2. The method of post-processing speech recognition according to claim 1, wherein the step of performing data construction on the text data in the corpus by a plurality of ways to generate diversified training data comprises:

punctuation mark deleting processing is carried out on text data in a corpus to obtain first text data;

3. The method of post-processing speech recognition according to claim 1, wherein the step of performing data construction on the text data in the corpus by a plurality of ways to generate diversified training data comprises:

performing standardization processing on text data in a corpus to obtain second text data;

4. The method of post-processing speech recognition according to claim 1, wherein the step of performing data construction on the text data in the corpus by a plurality of ways to generate diversified training data comprises:

carrying out voice synthesis on text data in a corpus to obtain voice data;

5. The method of post-processing of speech recognition according to claim 4, wherein after generating third training data from the third text data and text data in the corpus, the method further comprises:

6. The method of post-processing speech recognition according to claim 5, wherein the step of truncating the text data in the corpus to obtain fifth text data comprises:

7. The method for post-processing speech recognition according to any one of claims 1-6, wherein before the step of performing data construction on the text data in the corpus in multiple ways to generate diversified training data, the method further comprises:

collecting a large amount of known text content;

storing the plurality of sentence texts as a corpus.

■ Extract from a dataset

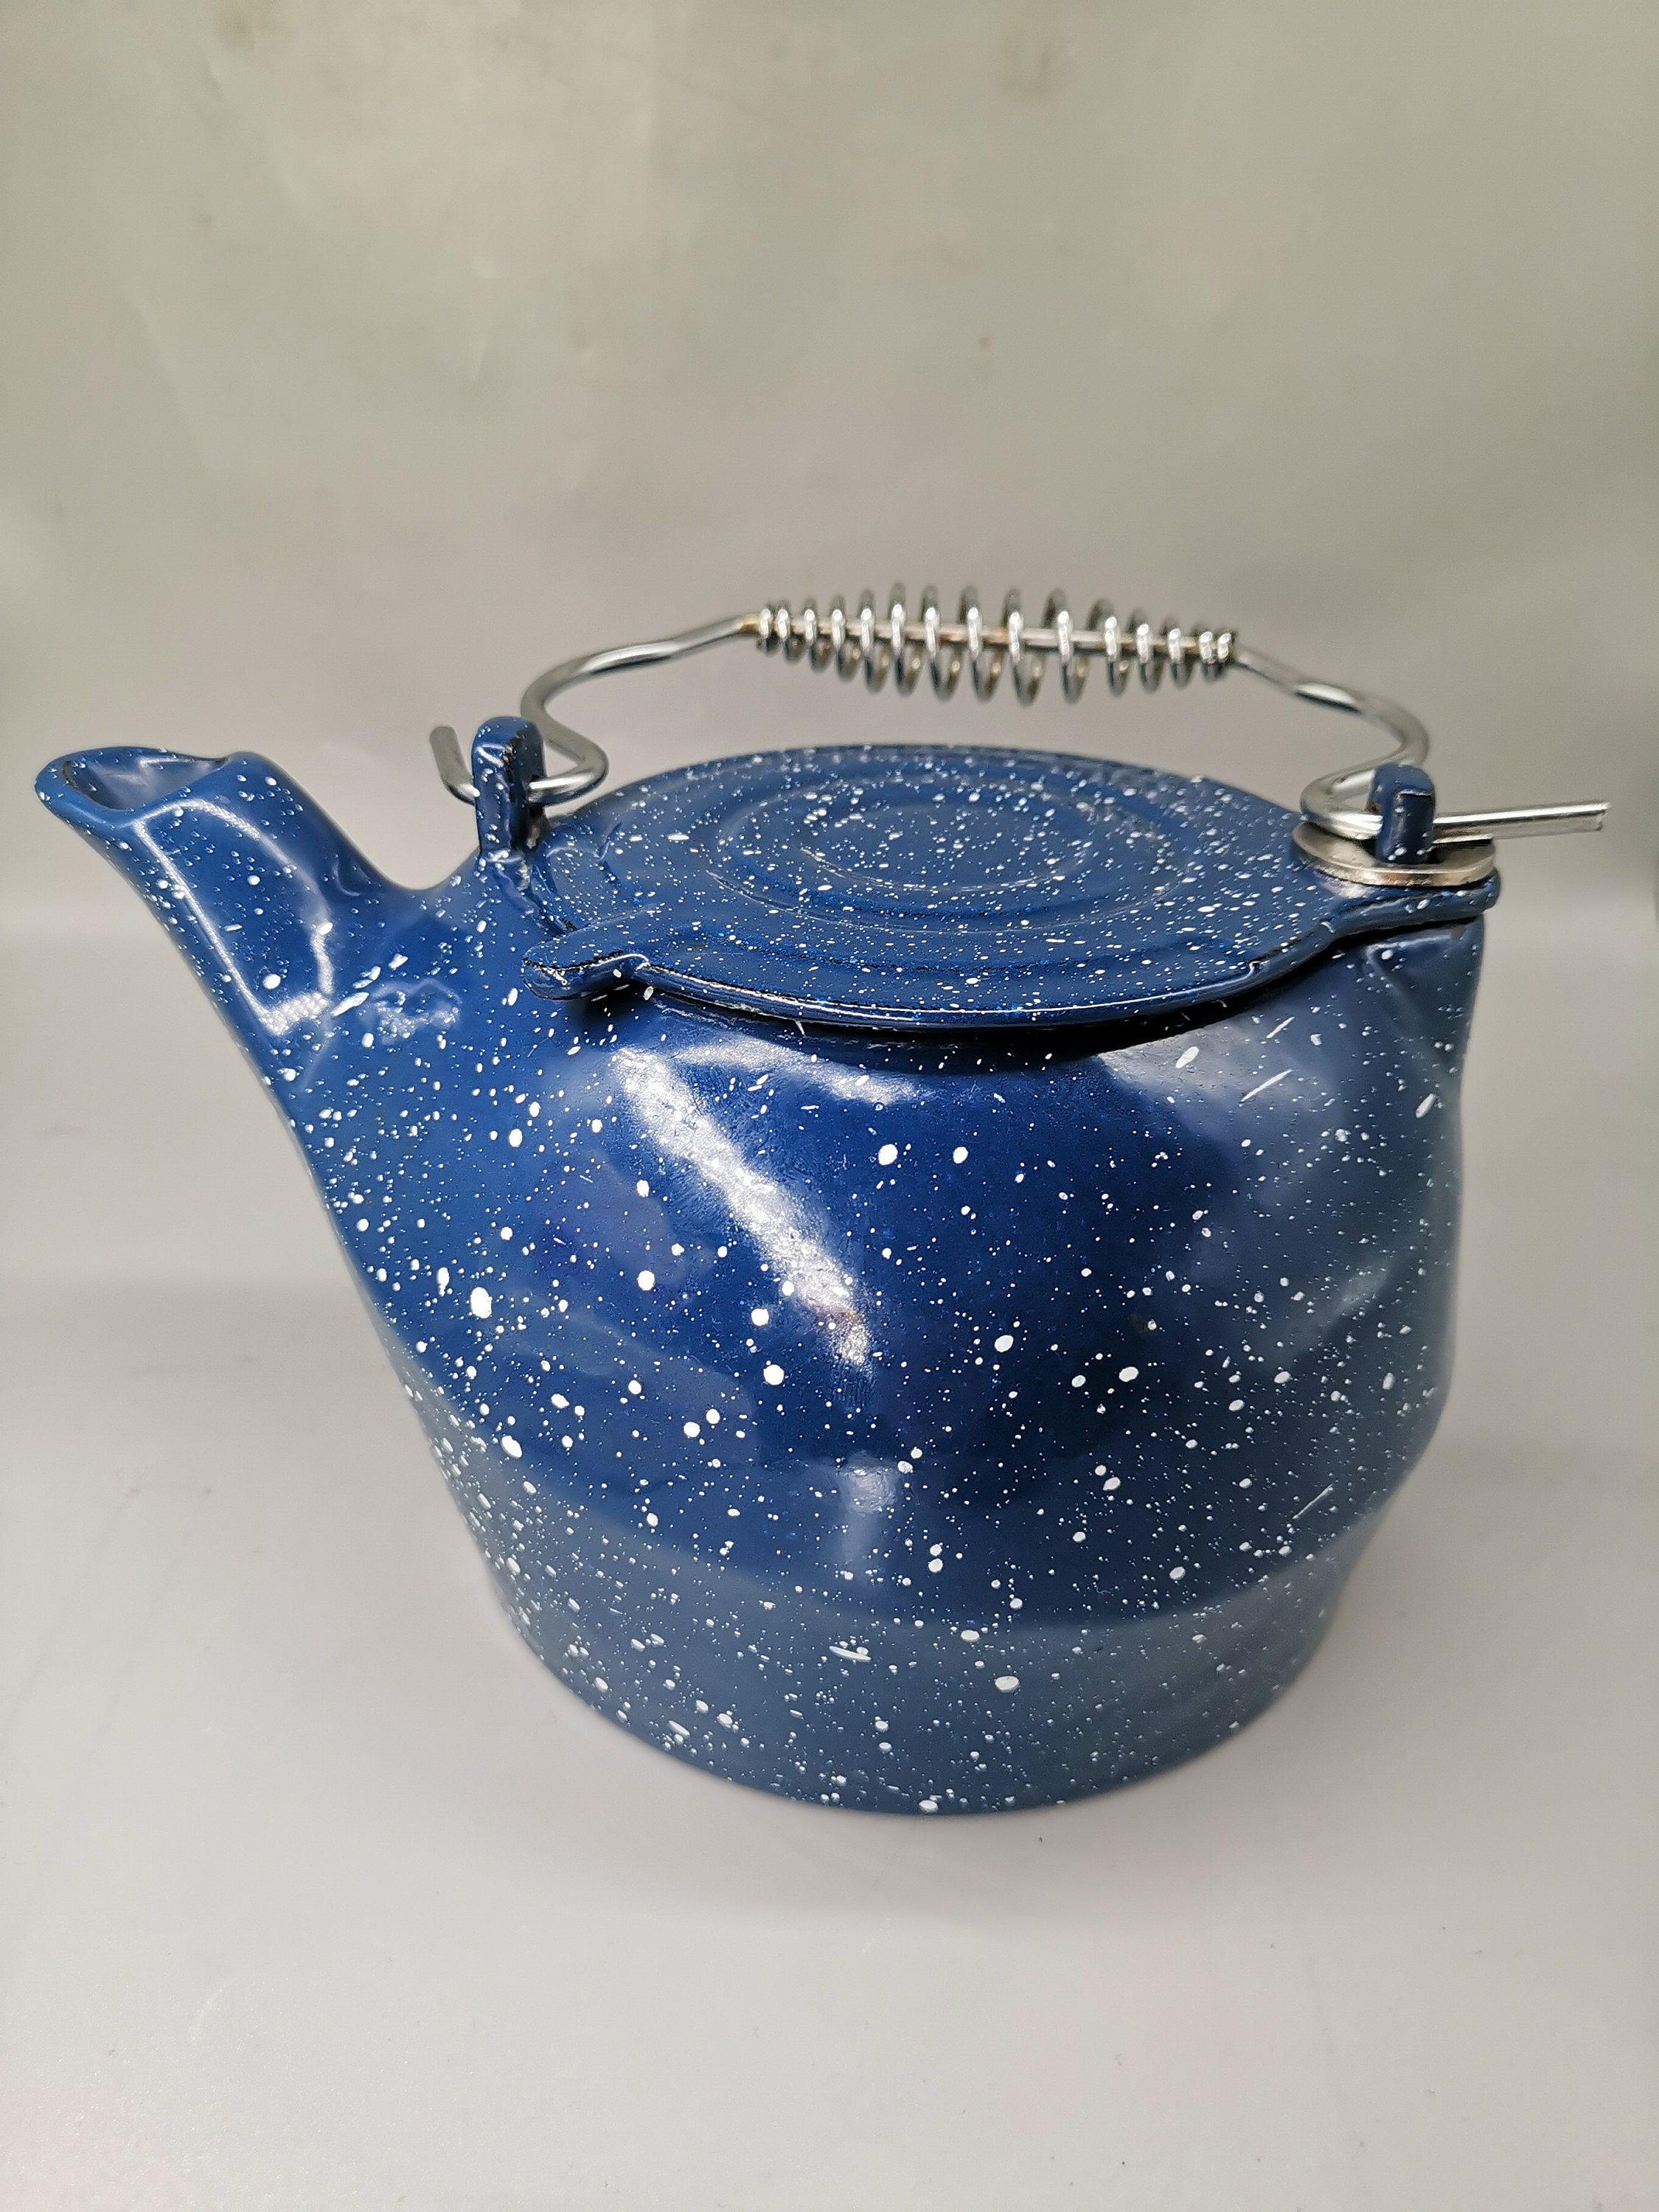 Vtg ORANGE Enamel TEAPOT Made In Poland Enamelware 12 cup Tea Pot Kitchen  Stove Top - Teapots, Facebook Marketplace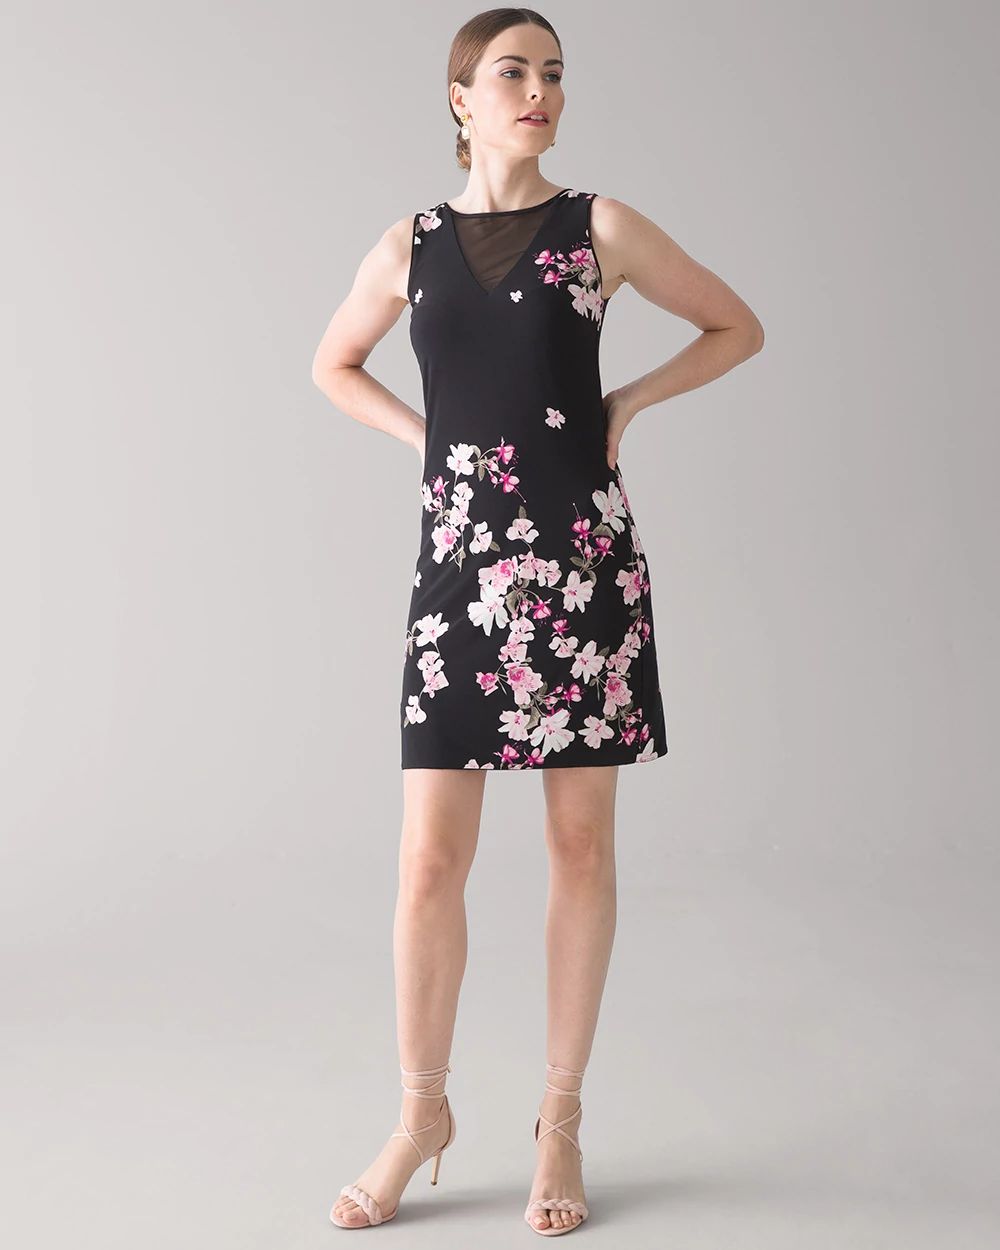 Sleeveless Matte Jersey Reversible Dress click to view larger image.

8. A post-processing apparatus for speech recognition, the post-processing apparatus for speech recognition comprising:

9. A post-processing device for speech recognition, the device comprising: a memory, a processor and a post-processing program of speech recognition stored on the memory and executable on the processor, the post-processing program of speech recognition being configured to implement the post-processing method of speech recognition according to any one of claims 1 to 7.

10. A storage medium having stored thereon a post-processing program for speech recognition, which when executed by a processor implements a post-processing method for speech recognition according to any one of claims 1 to 7.